ROS-dependent therapeutic agents for leukemia treatment. The mechanism of action and the molecular targets of pro- or antioxidant drugs used in leukemia are shown. Along with conventional treatments, this figure depicts some promising examples of these approaches. 2-Methoxyestradiol (2ME2), a naturally occurring estrogen metabolite with antiproliferative and antiangiogenic activities is able to induce apoptosis through a ROS-dependent mechanism. Also, this drug is able to target LSCs by inhibiting the transcriptional activity of HIF-1α, that is found over-expressed in LSCs under hypoxic conditions, thus down-regulating pro-leukemic HIF-1α target genes, including the vascular endothelial growth factor (VEGF) [130,131]. L-asparaginase treatment has recently been reported to induce autophagy by promoting apoptosis and cell growth inhibition in AML cells and has synergistic effects with conventional AML chemotherapies [132]. The thiodioxopiperazine natural product chaetocin (SUV39H1 inhibitor) is a competitive substrate and inhibitor of thioredoxin reductase and in this way induces cellular oxidative stress. In addition, as inhibitor of SUV39H1, a co-factor of the transcription factor RUNX1 which has an important role in the regulation of proliferation and self-renewal of hematopoietic stem cells, chaetocin also promotes differentiation of AML cells and has synergistic effects with HDAC inhibitors [133,134]. Dotted arrows with question marks indicate plausible mechanisms of action. Full and dashed arrows indicate well-established or hypothetical molecular mechanisms, respectively.

Figure 5

Antioxidant and pro-oxidant strategies as antileukemia therapeutic tools.

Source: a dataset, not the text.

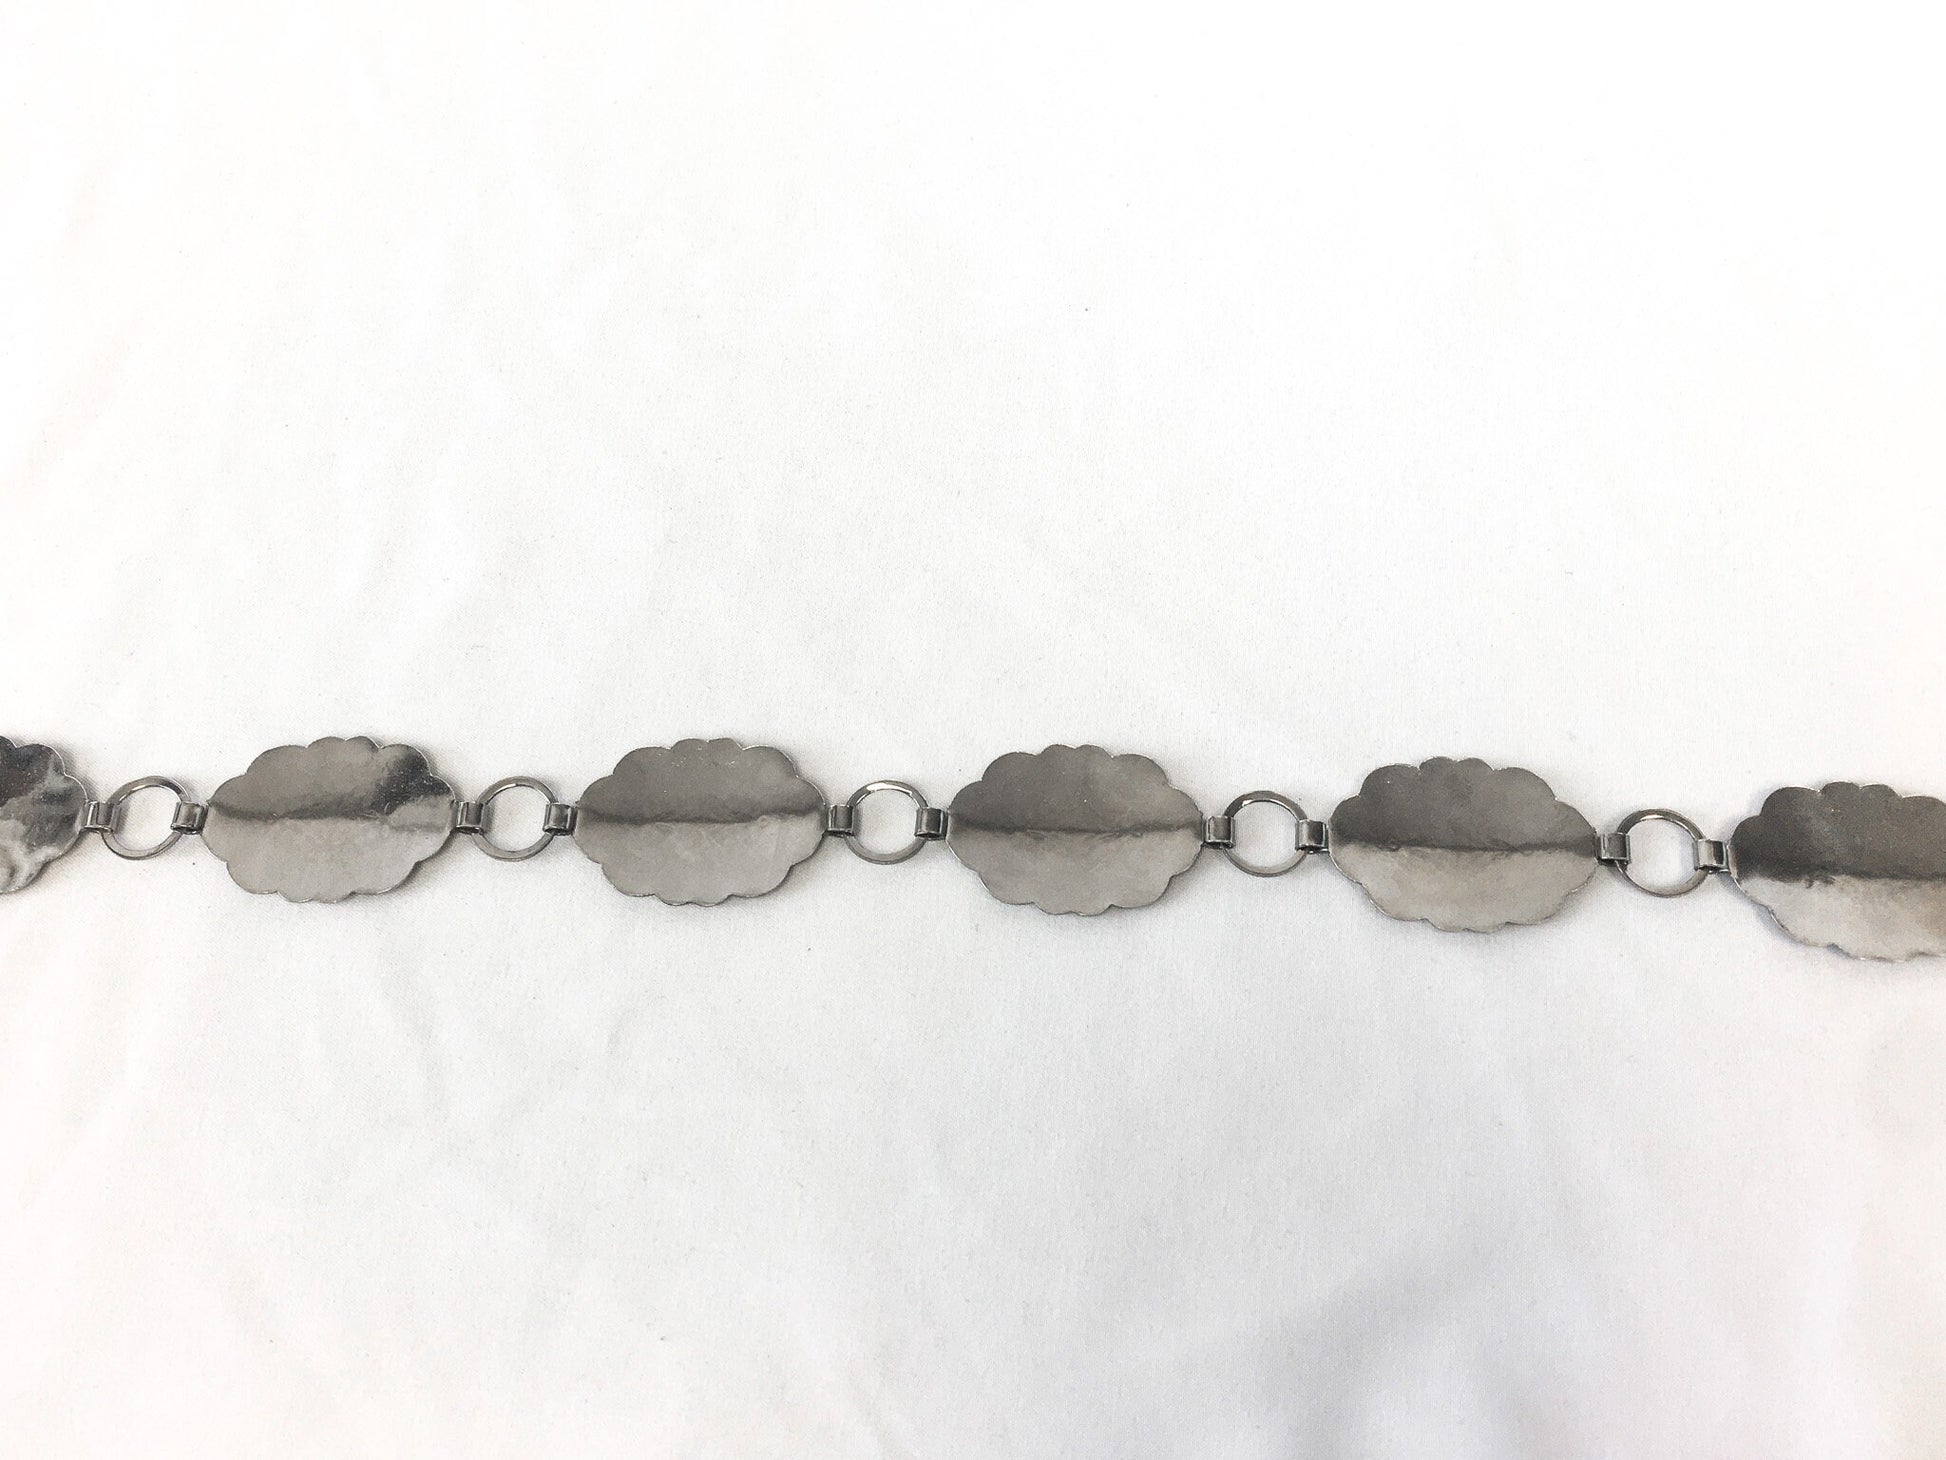 Vintage 60s/70s Silver Toned Concho Chain Link Belt with Engraving Detail, Vintage Boho Style Belt

Pro-oxidant treatments are designed as a strategy to overwhelm the redox adaptation of leukemia cells by inducing oxidative stress incompatible with cellular viability. Enhanced ROS production leads to lipid peroxidation, protein oxidation and DNA damage resulting in increased apoptosis. Conversely, antioxidant treatments are aimed to reduce the leukemogenic potential by tuning down cell proliferation and survival pathways in leukemia cells with high ROS levels. Distinct arrows indicate the involvement of these treatments in different processes and subcellular compartments.